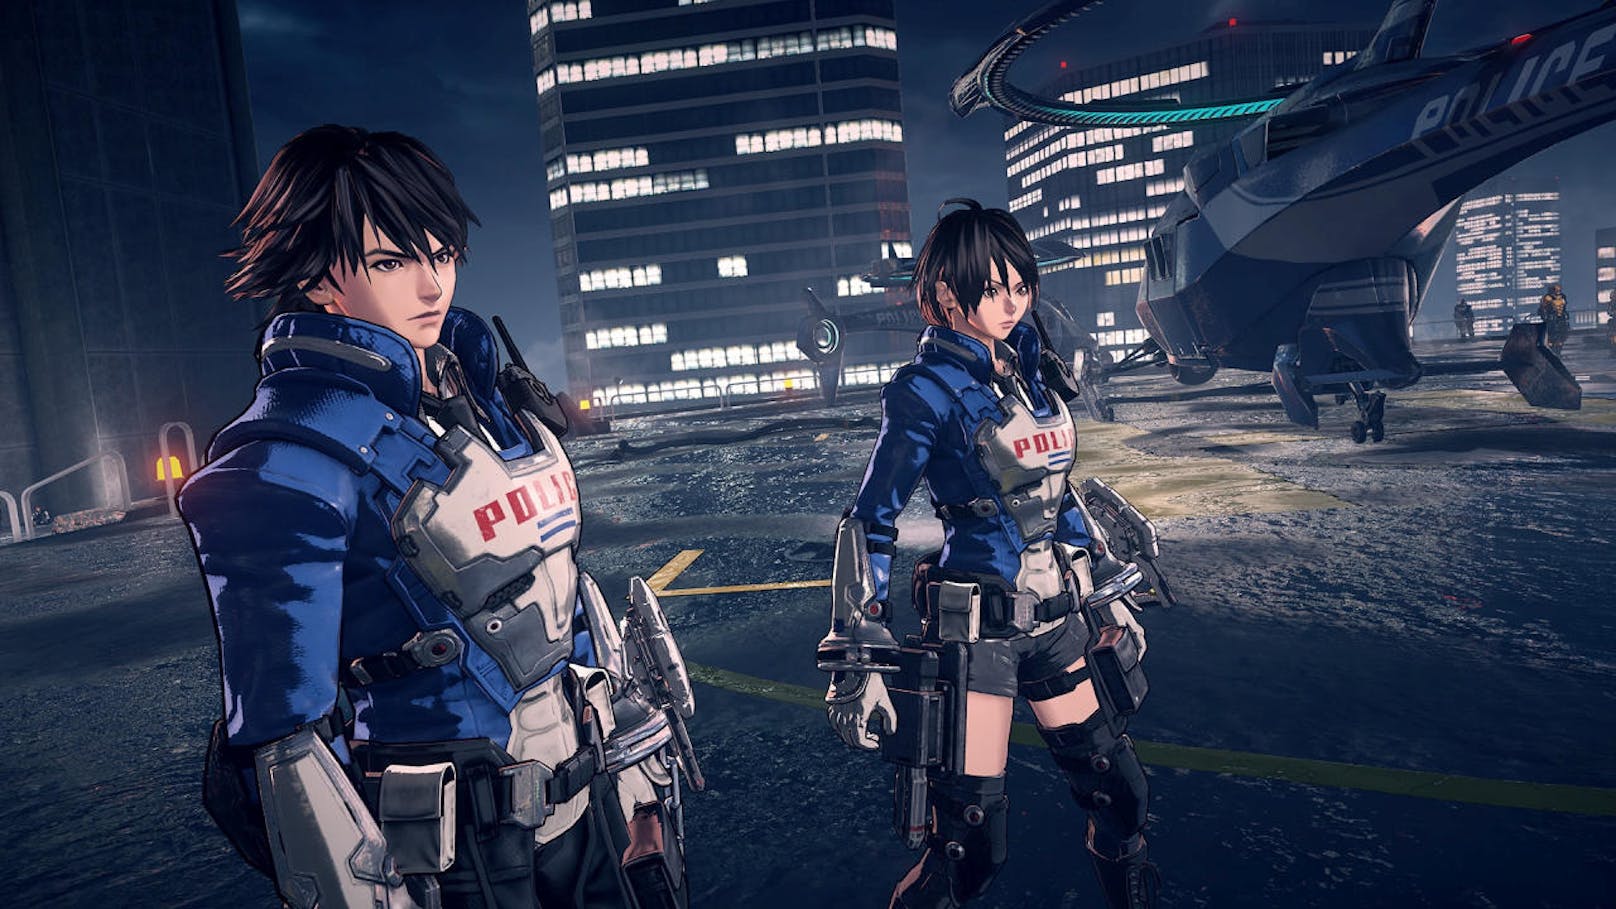  <a href="https://www.heute.at/s/astral-chain-test-review-nintendo-switch-popmusik-und-anime-40811962" target="_blank">Astral Chain</a>
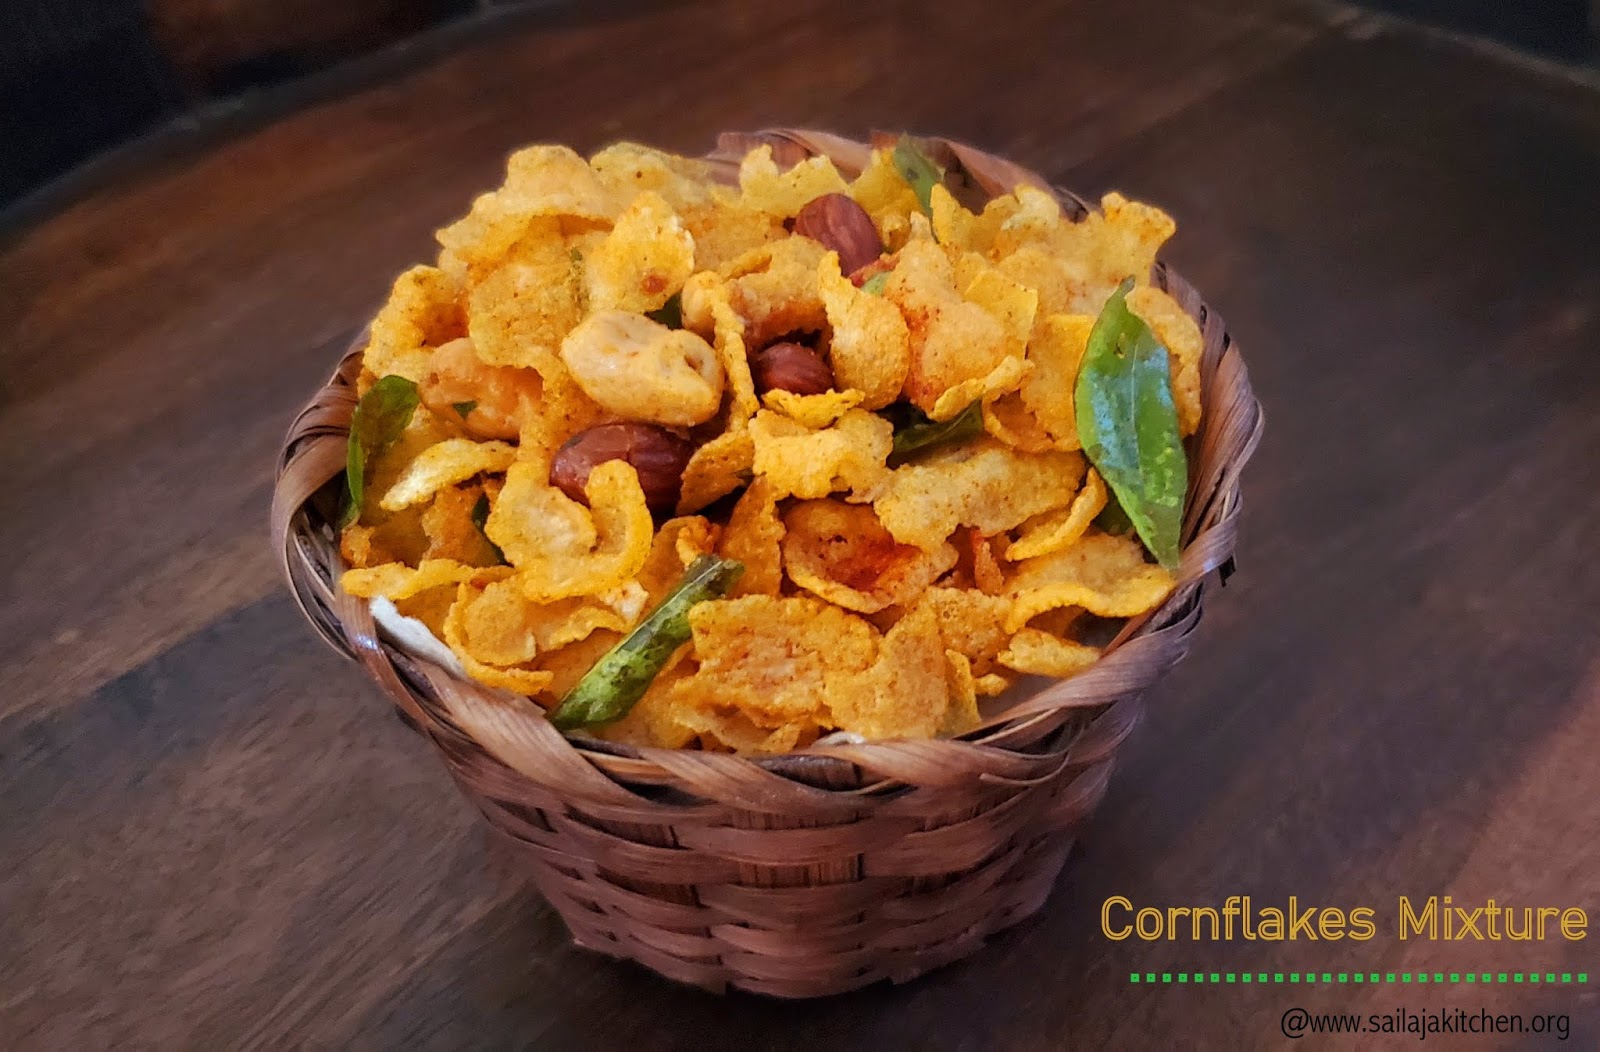 Sailaja Kitchen...A site for all food lovers!: Cornflakes Mixture ...
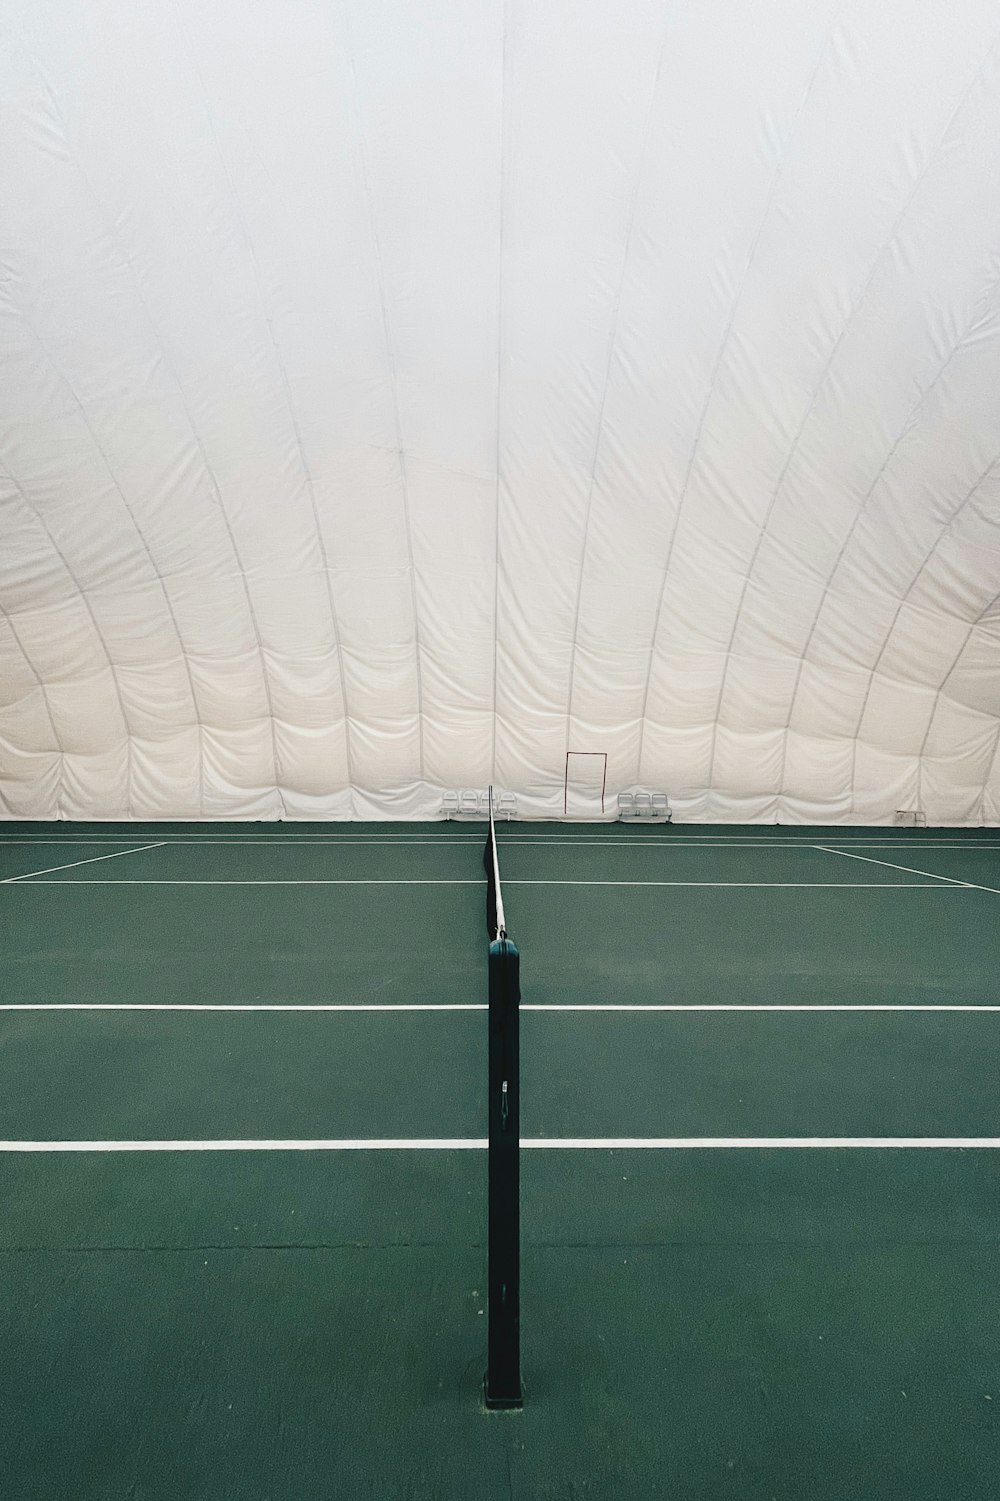 a tennis court with a white tent in the background
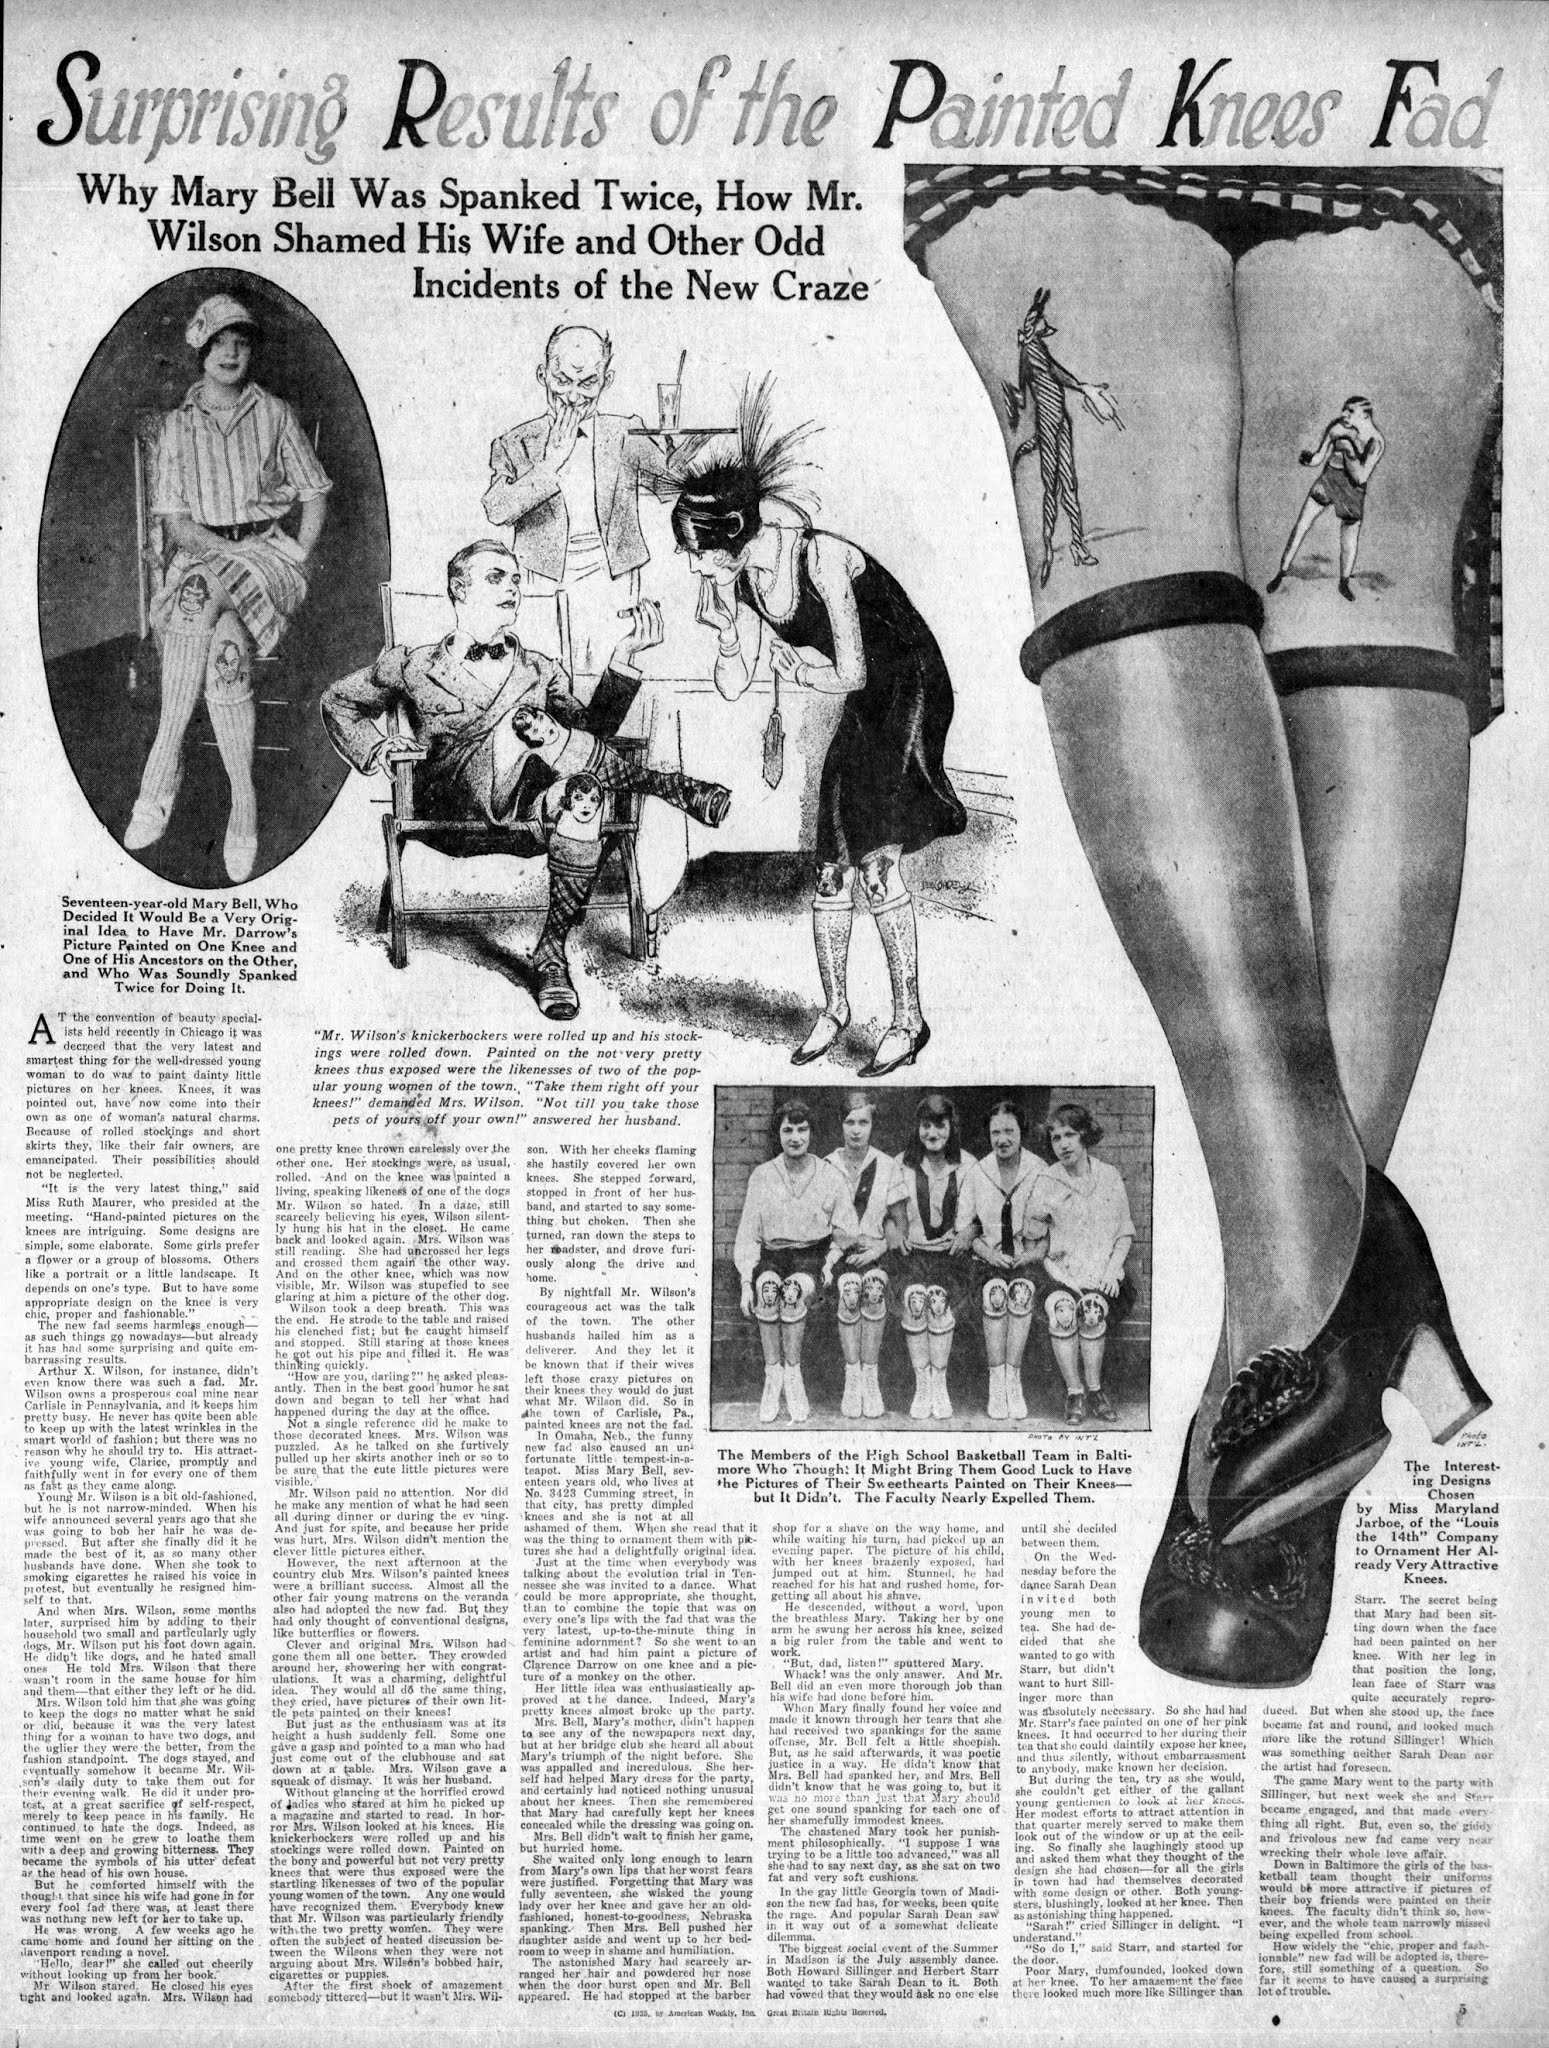 Hand-Painted Knees 1920s Trend You Probably Never Heard Of ~ Vintage Everyday image photo

→ **Exercise**: Reproduce the listing word for word, but keep the pictures out of it.

→ **Expected output**:
  <a href="https://www.heute.at/s/astral-chain-test-review-nintendo-switch-popmusik-und-anime-40811962" target="_blank">Astral Chain</a>
 Sailaja Kitchen...A site for all food lovers!: Cornflakes Mixture ...
 a tennis court with a white tent in the background
 Hand-Painted Knees 1920s Trend You Probably Never Heard Of ~ Vintage Everyday image photo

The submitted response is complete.